Knowledge Base

Understanding how MERGE works

What is MERGE, and how does it work?

The MERGE clause ensures that a pattern exists in the graph. Either the entire pattern already exists, or the entire pattern needs to be created.

In this way, it’s helpful to think of MERGE as attempting a MATCH on the pattern, and if no match is found, a CREATE of the pattern.

When the specified pattern is not present and needs to be created, any variables previously bound to existing graph elements will be reused in the pattern. All other elements of the pattern will be created.

It’s important to know which pattern elements will use existing graph elements and which will be created instead.

For the following examples, we’ll use a very simplistic graph of :Student, :Class, :ReportCard, and :Term nodes as follows.

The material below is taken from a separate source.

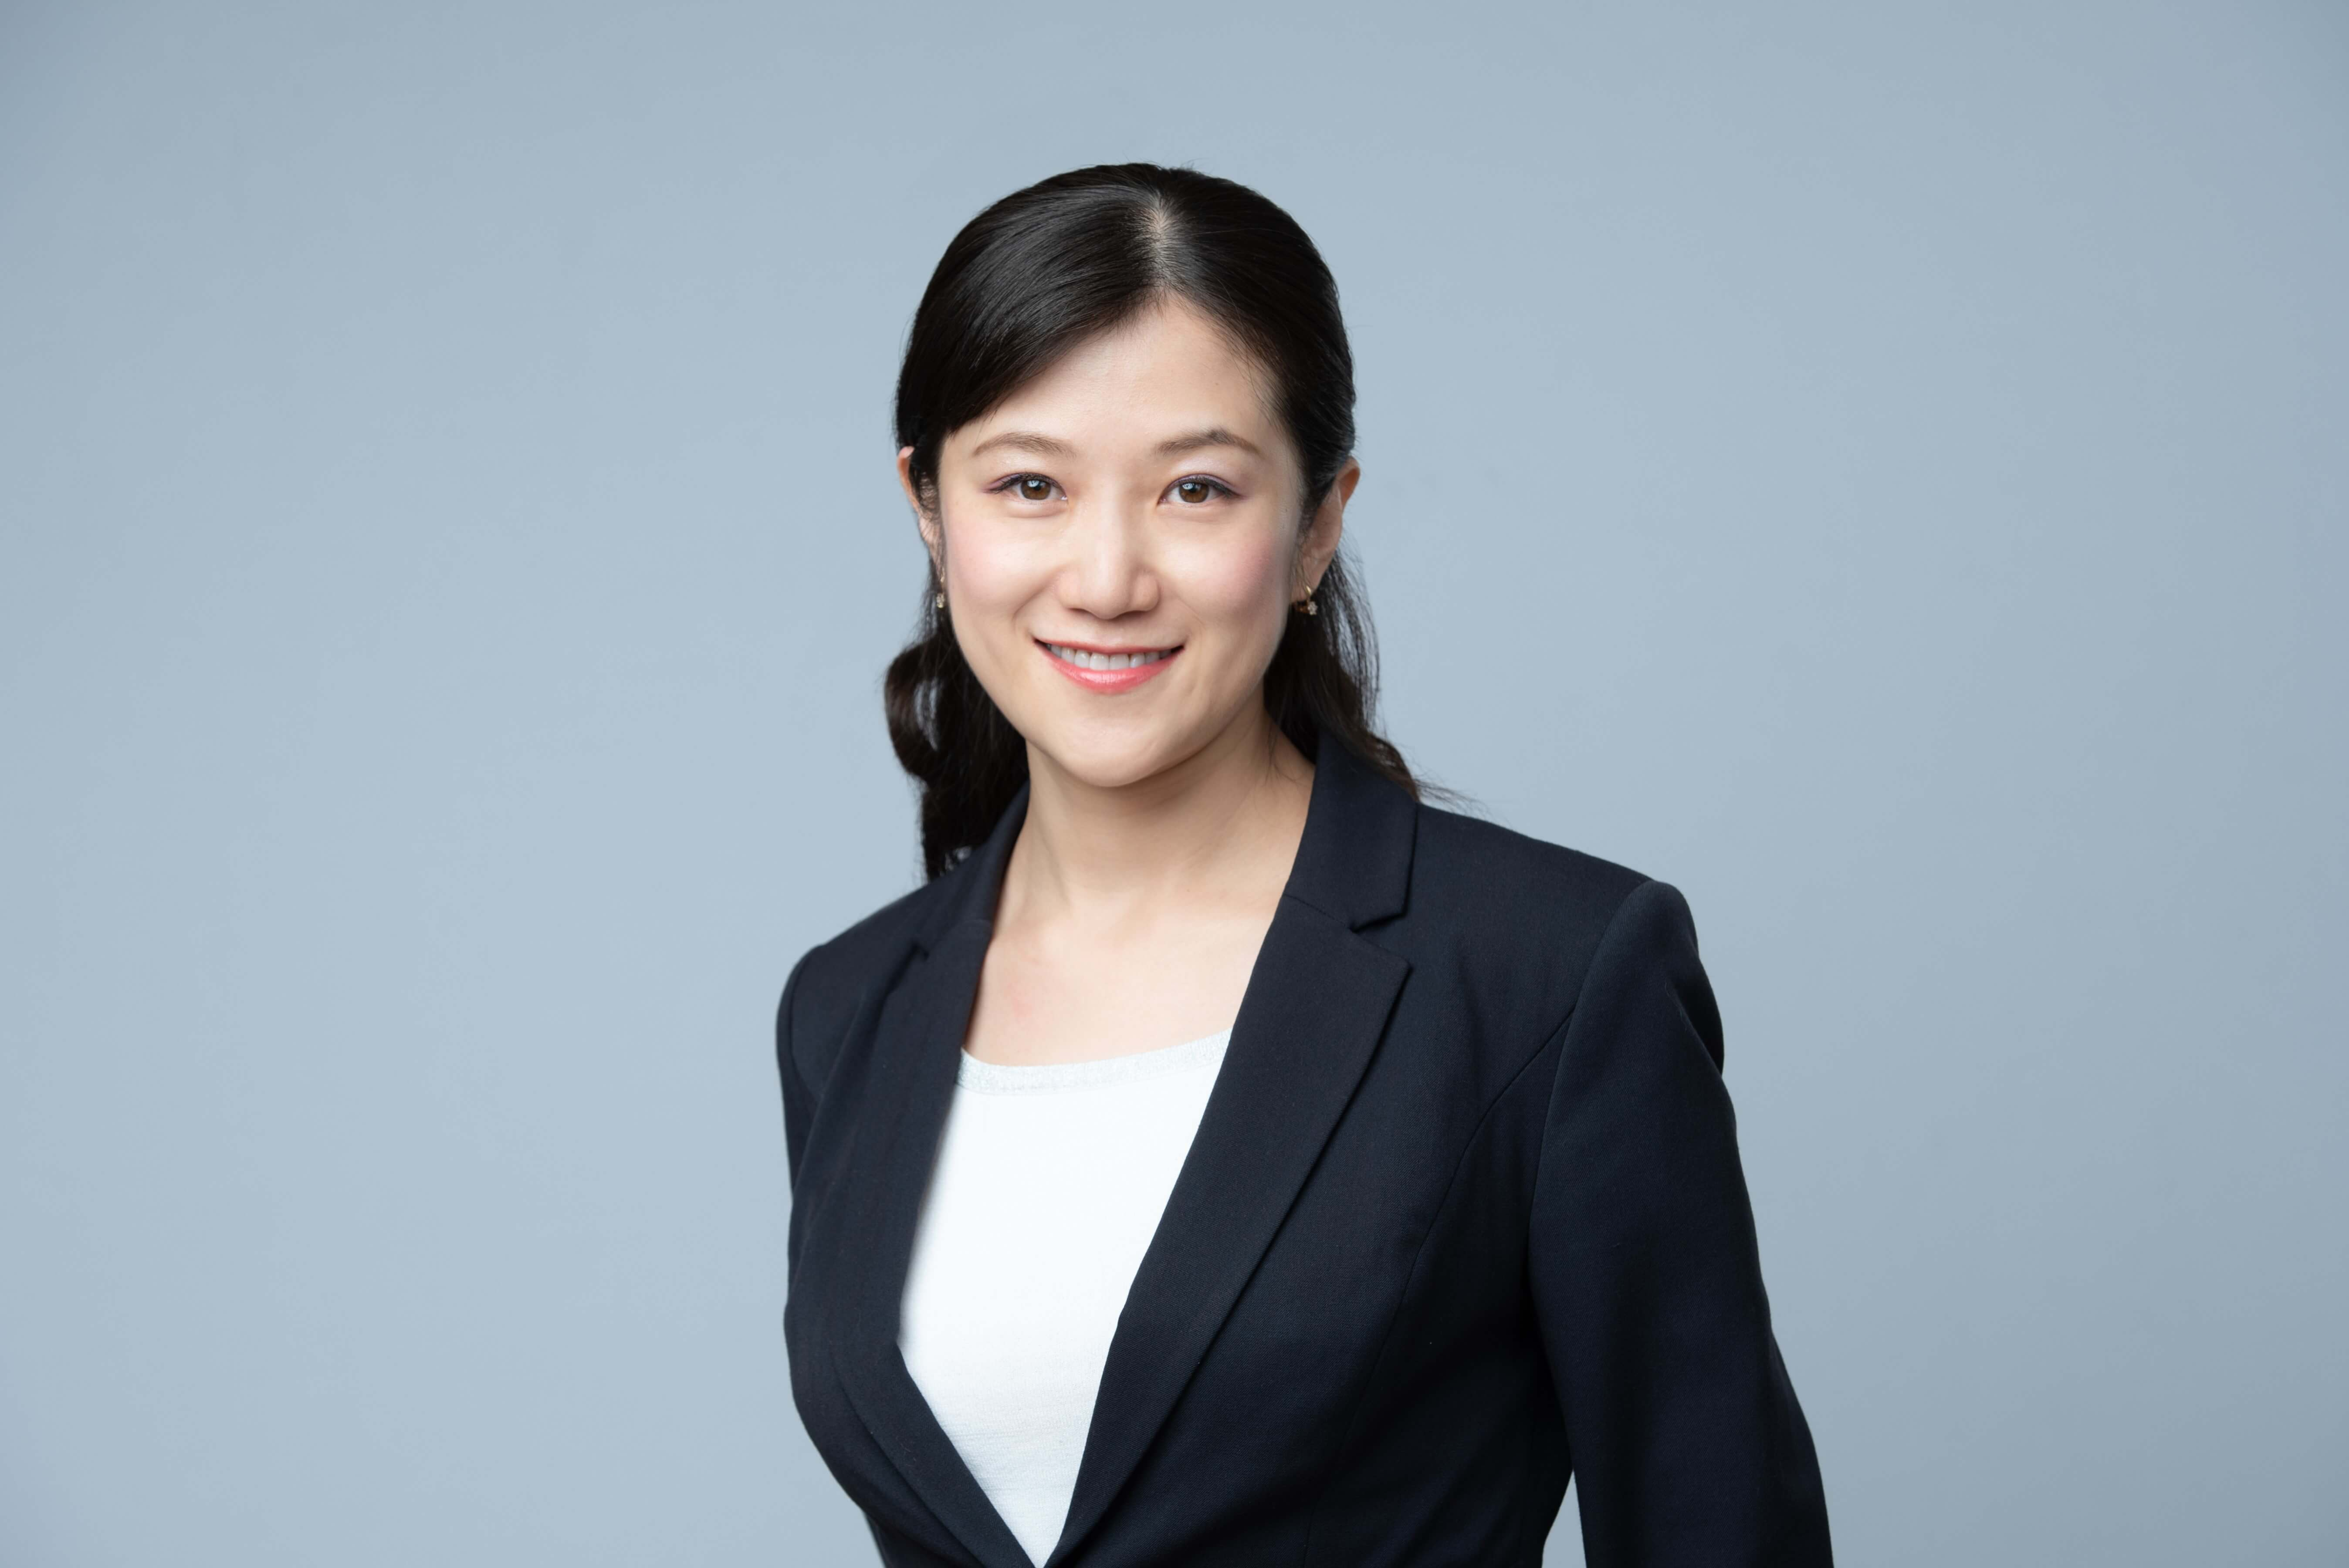 Dr. CHUNG Yeung, Vera profile image

(:Student)-[:ENROLLED_IN]->(:Class)
(:Student)-[:EARNED]->(:ReportCard)
(:Class)-[:FOR_TERM]->(:Term)

There will be references to "bound variables" in this article, and this refers to variables that have been bound to existing elements in the graph from earlier clauses (usually MATCH or MERGE) that are being reused in a MERGE pattern. This means that in the MERGE pattern, it refers to an element that was previously found and currently exists in the graph.

In contrast, a "new variable" in a pattern refers to a variable that is being introduced for the first time in the pattern. As such, it does not yet refer to any elements currently in the graph, but as a result of the MERGE (matching to existing elements or creating new ones) it will become bound to graph elements.

Any element in the pattern that isn’t associated with a bound variable (and this includes both elements using new variables, as well as elements without variables at all) will result in new created elements in the graph if the MERGE has to create the entire pattern.

A MERGE without bound variables can create duplicate elements

The most common MERGE mistake is attempting to MERGE a pattern with no bound variables when you want to use existing graph elements.

For example, attempting to enroll an existing student in an existing class.

MERGE (student:Student{id:123})-[:ENROLLED_IN]->(class:Class{name:'Cypher101'})

In the above query, student and class are new variables, they haven’t been previously bound to any nodes in the graph, this is their first use in the query.

If the entire pattern already exists (the given student is already enrolled in the given class), the variables will be bound to the existing nodes in the graph as expected.

However, if the pattern doesn’t already exist, all new elements of the pattern will be created. In this case, all of them; a new :Student node will be created with the given id, and a new :Class node will be created with the given name, and a new :ENROLLED_IN relationship will be created between these brand new nodes.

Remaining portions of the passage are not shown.